### Task requirements
In the entries below, which lines run from the one with "サイズ : 6.29*9.44inches)" through the one with "Kong Wubba No Stuff Cheetah Large"? Repeat exactly those, both included, and no pictures.

### Data for processing
_ _ _ _

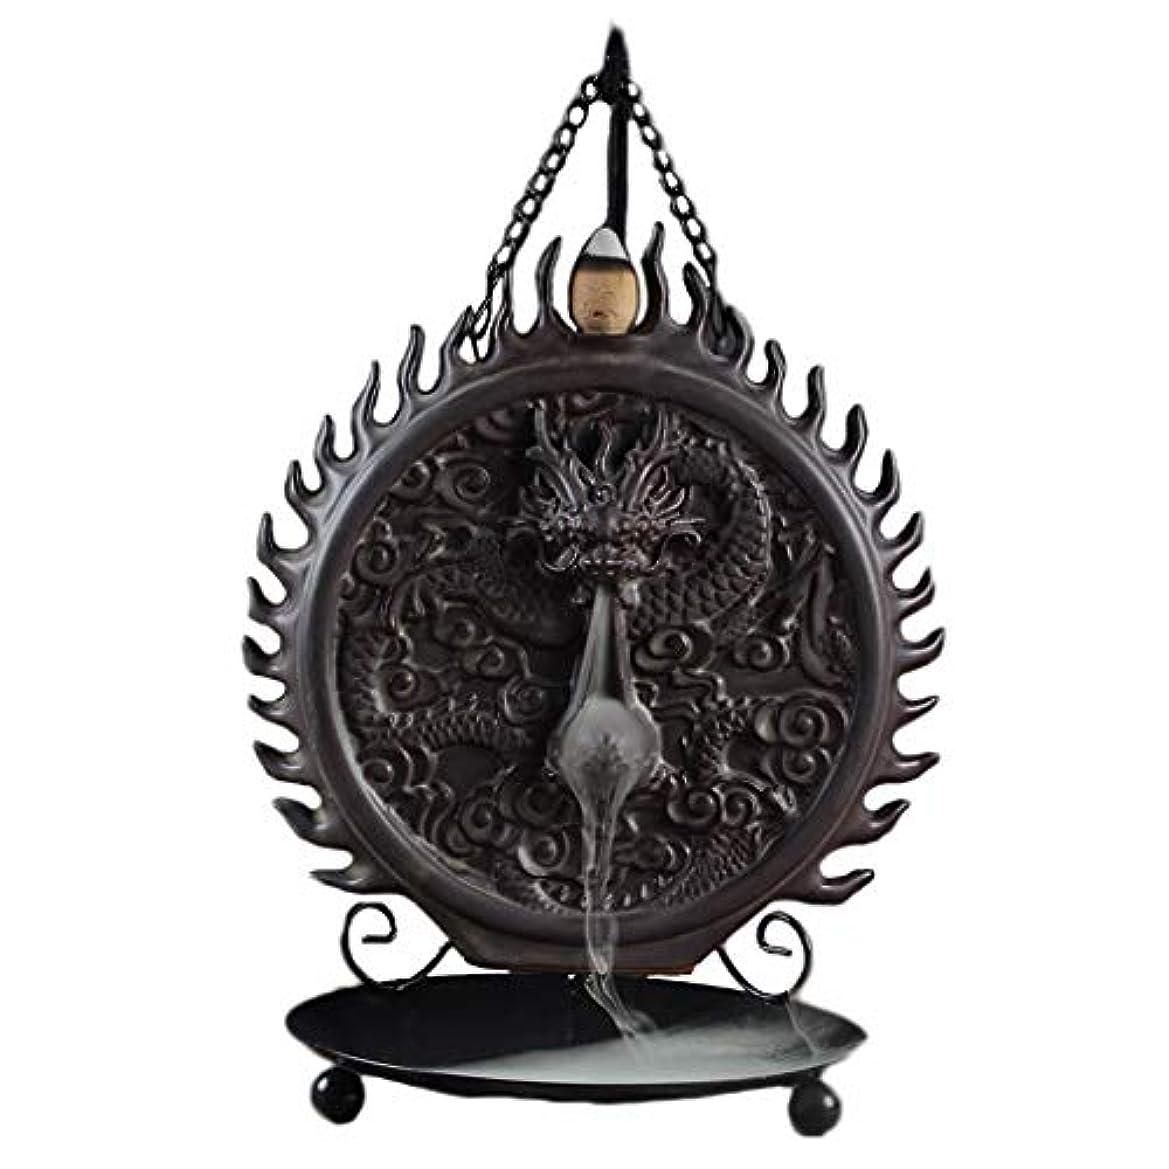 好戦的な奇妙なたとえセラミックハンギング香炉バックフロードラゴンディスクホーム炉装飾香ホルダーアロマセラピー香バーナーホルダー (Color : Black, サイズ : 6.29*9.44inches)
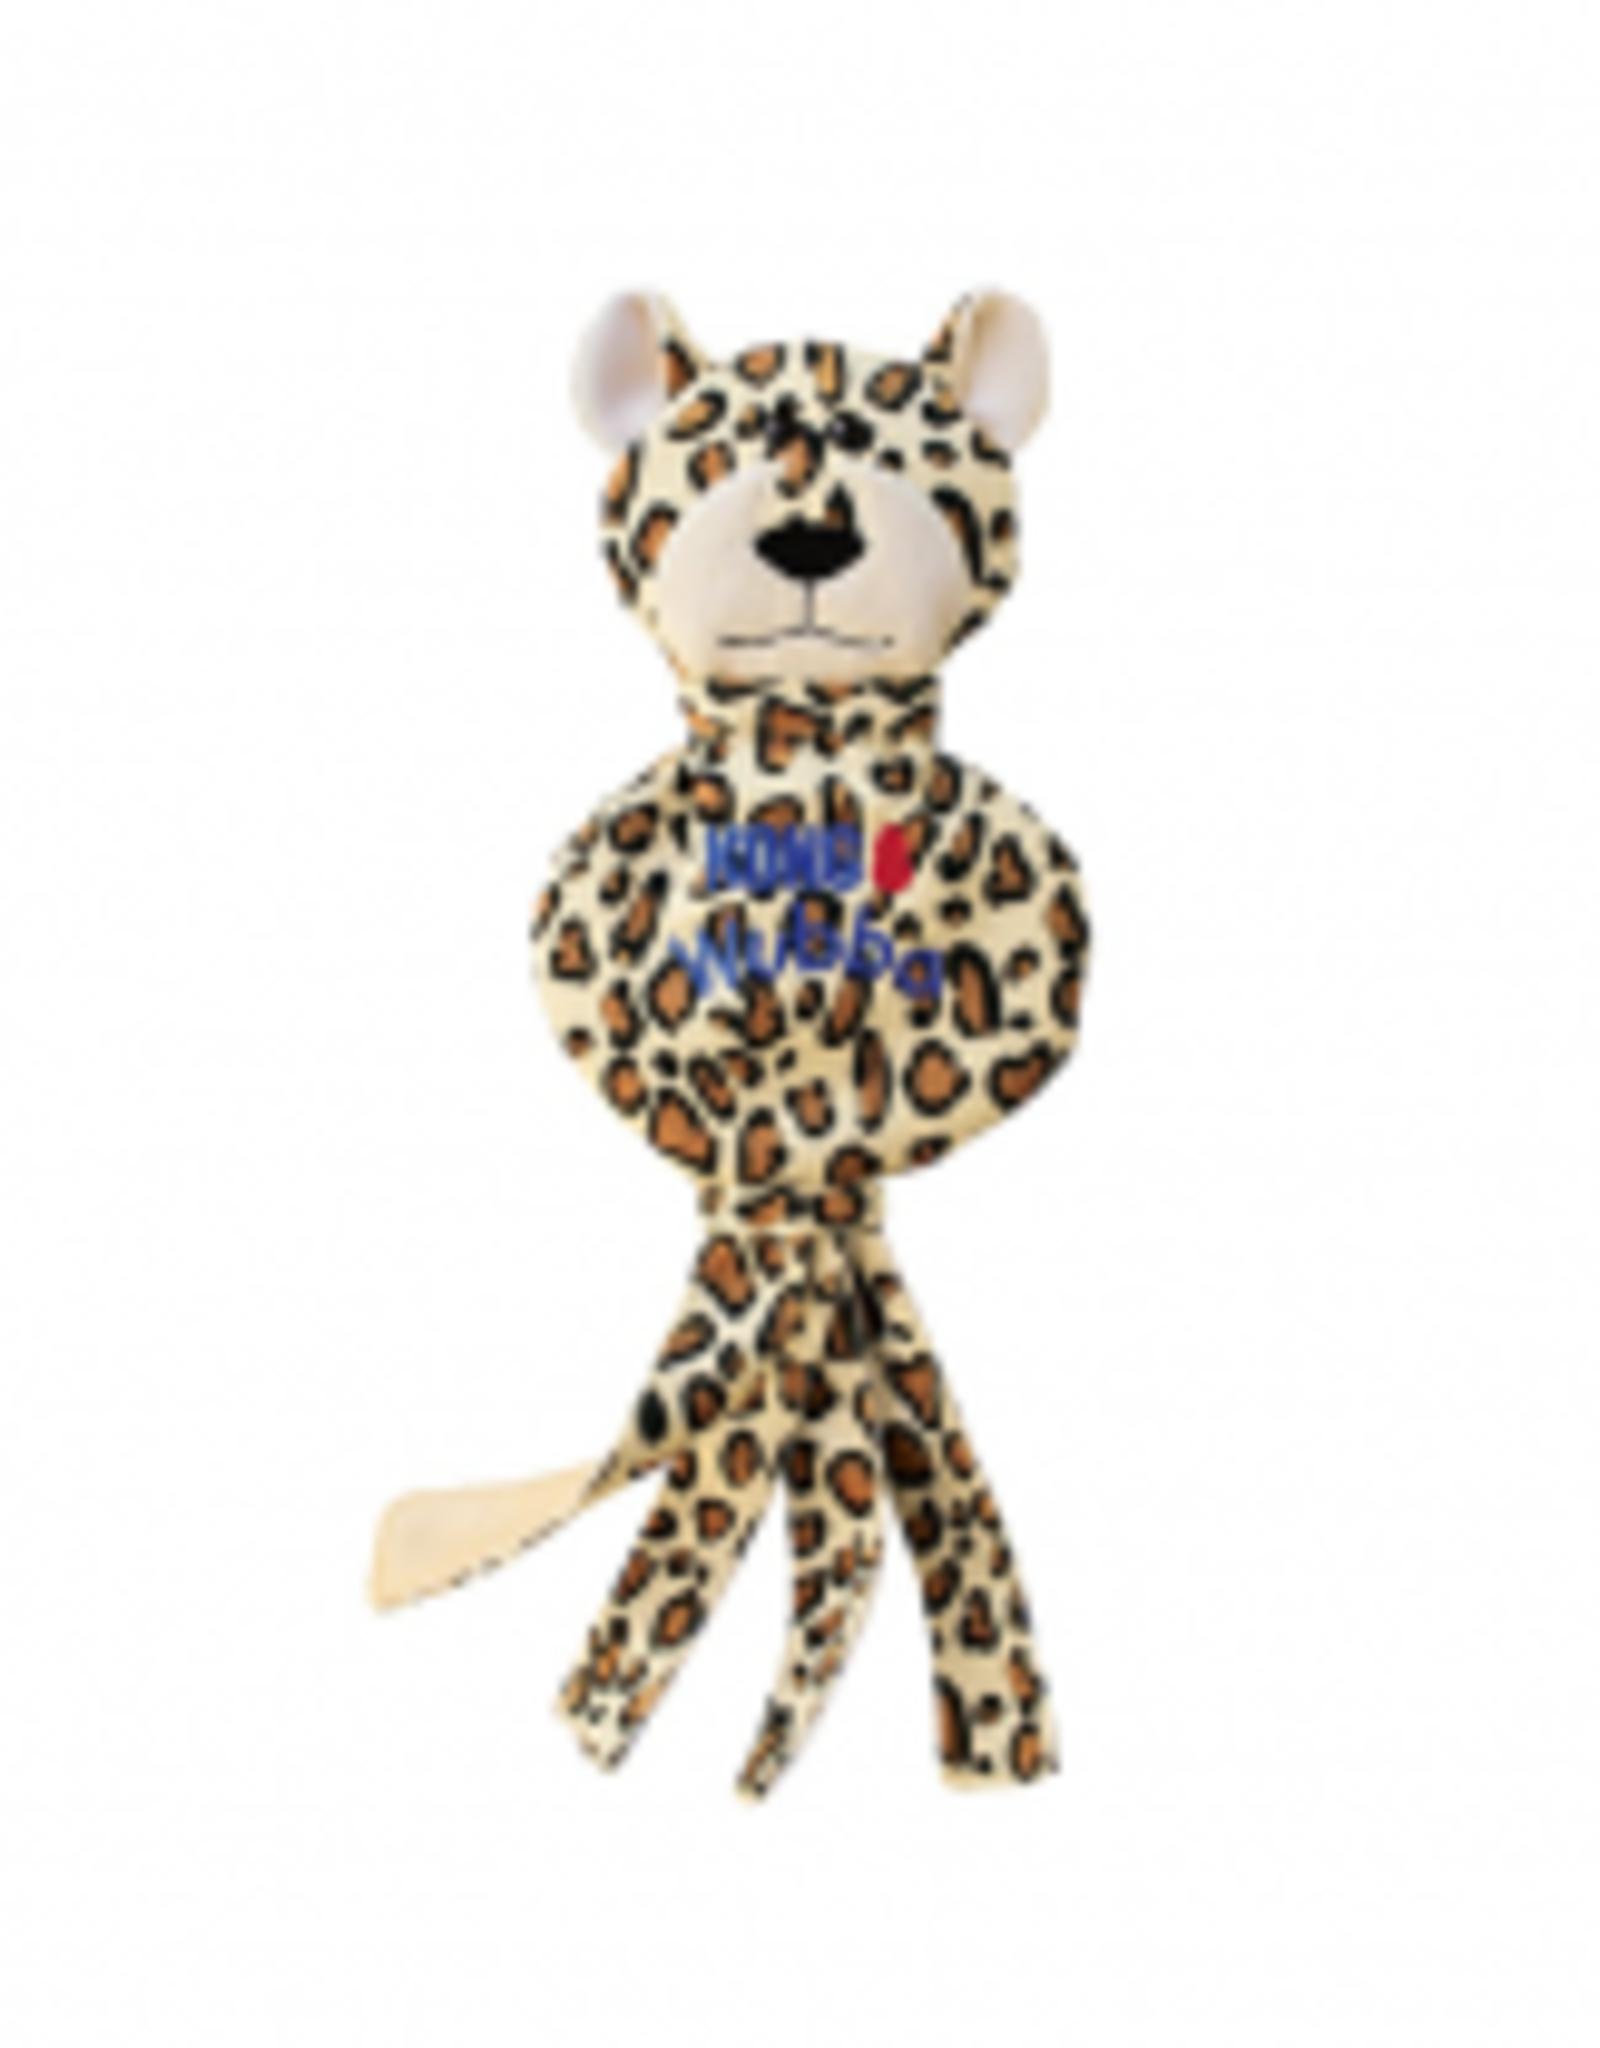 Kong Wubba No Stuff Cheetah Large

_ _ _ _

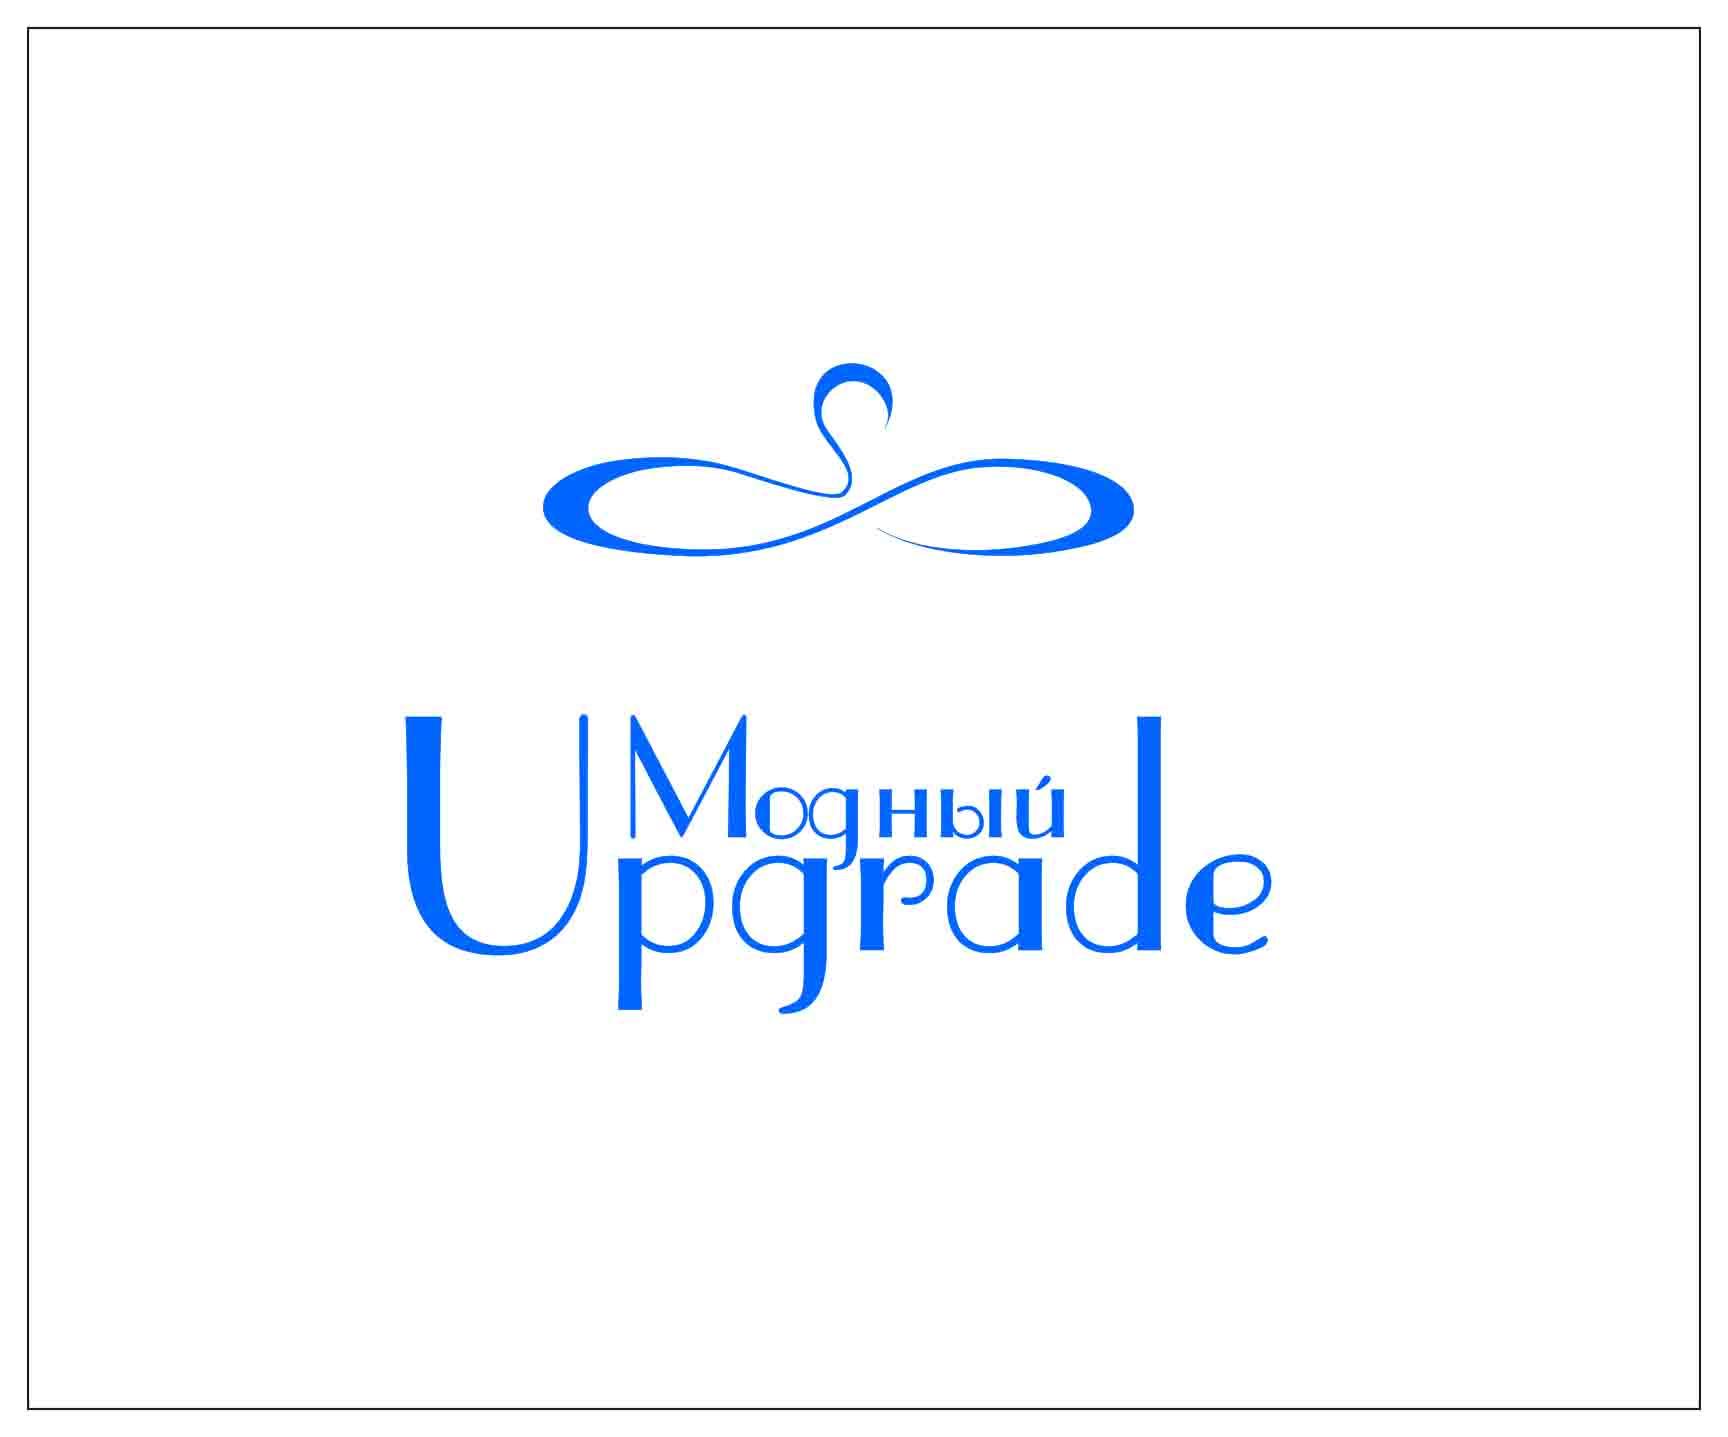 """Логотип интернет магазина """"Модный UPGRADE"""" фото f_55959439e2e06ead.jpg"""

_ _ _ _

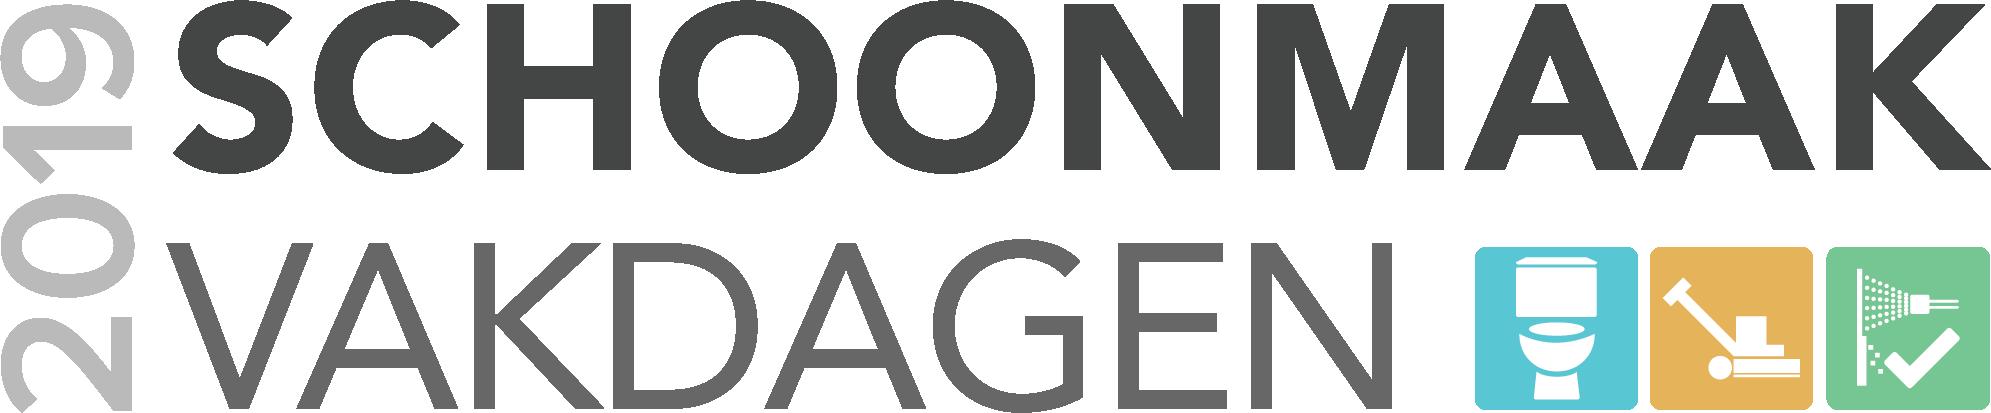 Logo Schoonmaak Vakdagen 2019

_ _ _ _

### Solution to this task
 好戦的な奇妙なたとえセラミックハンギング香炉バックフロードラゴンディスクホーム炉装飾香ホルダーアロマセラピー香バーナーホルダー (Color : Black, サイズ : 6.29*9.44inches)
 Kong Wubba No Stuff Cheetah Large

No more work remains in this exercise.